Tel était cet ancien Paris, livré aux querelles, aux indécisions et aux
tâtonnements. Il fut longtemps assez bête. Plus tard, 89 montra comment
l'esprit vient aux villes. Mais, au bon vieux temps, la capitale avait
peu de tête; elle ne savait faire ses affaires ni moralement ni
matériellement, et pas mieux balayer les ordures que les abus. Tout
était obstacle, tout faisait question. L'égout, par exemple, était
réfractaire à tout itinéraire. On ne parvenait pas plus à s'orienter
dans la voirie qu'à s'entendre dans la ville; en haut l'inintelligible,
en bas l'inextricable; sous la confusion des langues il y avait la
confusion des caves; Dédale doublait Babel.
Quelquefois, l'égout de Paris se mêlait de déborder, comme si ce Nil
méconnu était subitement pris de colère. Il y avait, chose infâme, des
inondations d'égout. Par moments, cet estomac de la civilisation
digérait mal, le cloaque refluait dans le gosier de la ville, et Paris
avait l'arrière-goût de sa fange. Ces ressemblances de l'égout avec le
remords avaient du bon; c'étaient des avertissements; fort mal pris du
reste; la ville s'indignait que sa boue eût tant d'audace, et
n'admettait pas que l'ordure revînt. Chassez-la mieux.
L'inondation de 1802 est un des souvenirs actuels des Parisiens de
quatre-vingts ans. La fange se répandit en croix place des Victoires, où
est la statue de Louis XIV; elle entra rue Saint-Honoré par les deux
bouches d'égout des Champs-Élysées, rue Saint-Florentin par l'égout
Saint-Florentin, rue Pierre-à-Poisson par l'égout de la Sonnerie, rue
Popincourt par l'égout du Chemin-Vert, rue de la Roquette par l'égout de
la rue de Lappe; elle couvrit le caniveau de la rue des Champs-Élysées
jusqu'à une hauteur de trente-cinq centimètres; et, au midi, par le
vomitoire de la Seine faisant sa fonction en sens inverse, elle pénétra
rue Mazarine, rue de l'Échaudé, et rue des Marais, où elle s'arrêta à
une longueur de cent neuf mètres, précisément à quelques pas de la
maison qu'avait habitée Racine, respectant, dans le dix-septième siècle,
le poète plus que le roi. Elle atteignit son maximum de profondeur rue
Saint-Pierre où elle s'éleva à trois pieds au-dessus des dalles de la
gargouille, et son maximum d'étendue rue Saint-Sabin où elle s'étala sur
une longueur de deux cent trente-huit mètres.

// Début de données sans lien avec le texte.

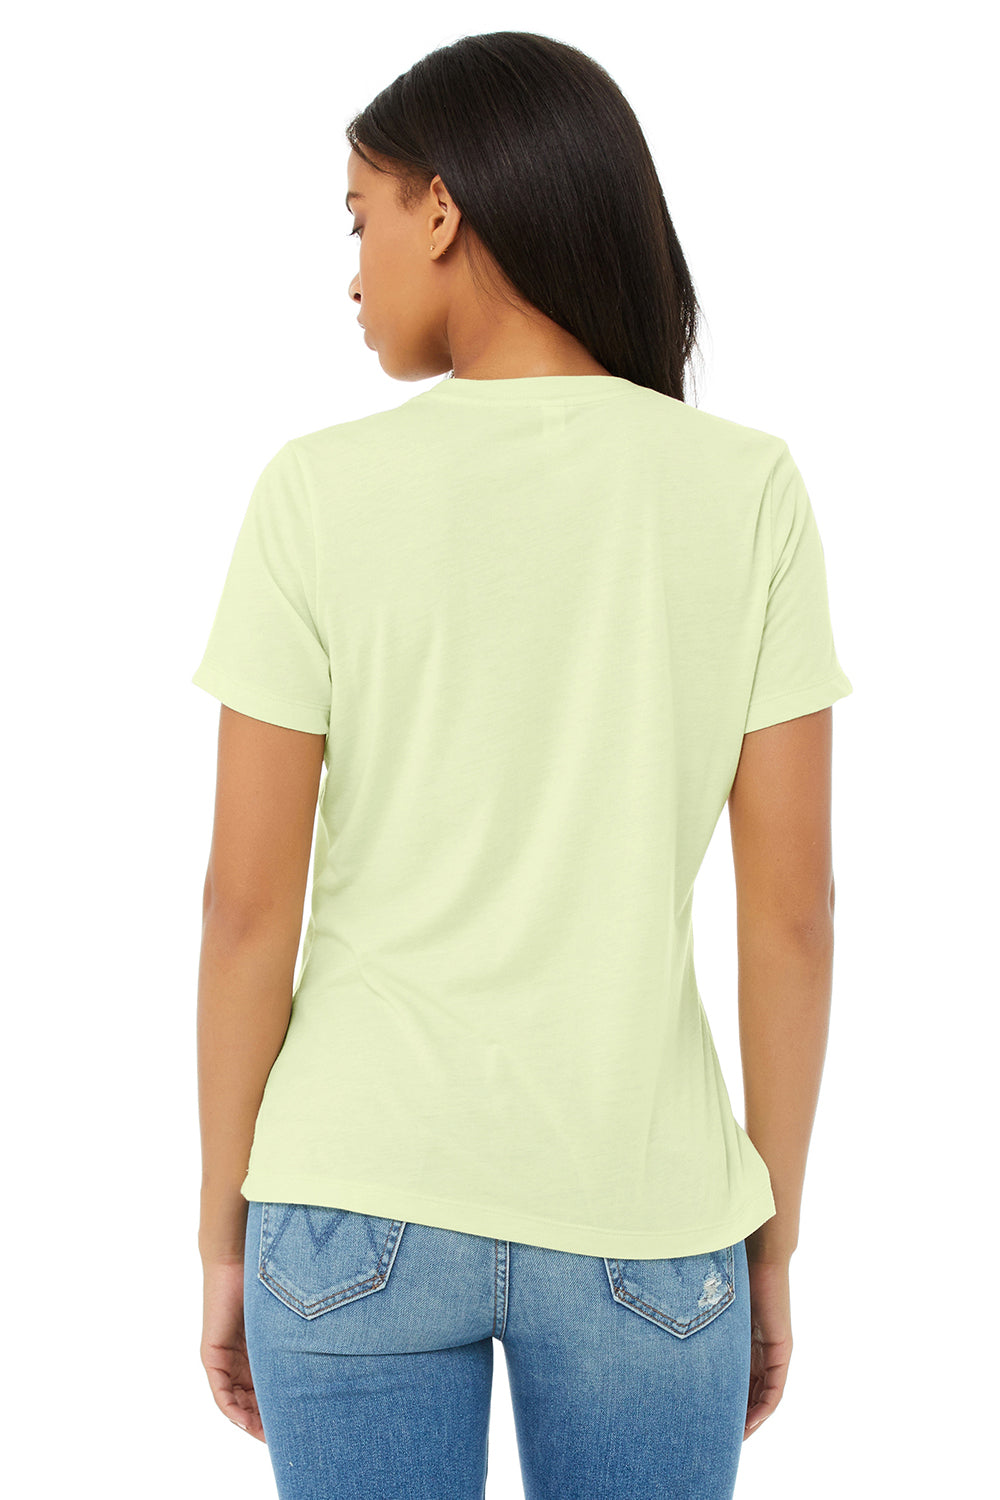 Bella + Canvas BC6413 Womens Short Sleeve Crewneck T-Shirt Spring Green Model Back

Au commencement de ce siècle, l'égout de Paris était encore un lieu
mystérieux. La boue ne peut jamais être bien famée; mais ici le mauvais
renom allait jusqu'à l'effroi. Paris savait confusément qu'il avait sous
lui une cave terrible. On en parlait comme de cette monstrueuse souille
de Thèbes où fourmillaient des scolopendres de quinze pieds de long et
qui eût pu servir de baignoire à Béhémoth. Les grosses bottes des
égoutiers ne s'aventuraient jamais au delà de certains points connus. On
était encore très voisin du temps où les tombereaux des boueurs, du haut
desquels Sainte-Foix fraternisait avec le marquis de Créqui, se
déchargeaient tout simplement dans l'égout. Quant au curage, on confiait
cette fonction aux averses, qui encombraient plus qu'elles ne
balayaient. Rome laissait encore quelque poésie à son cloaque et
l'appelait Gémonies; Paris insultait le sien et l'appelait le Trou
punais. La science et la superstition étaient d'accord pour l'horreur.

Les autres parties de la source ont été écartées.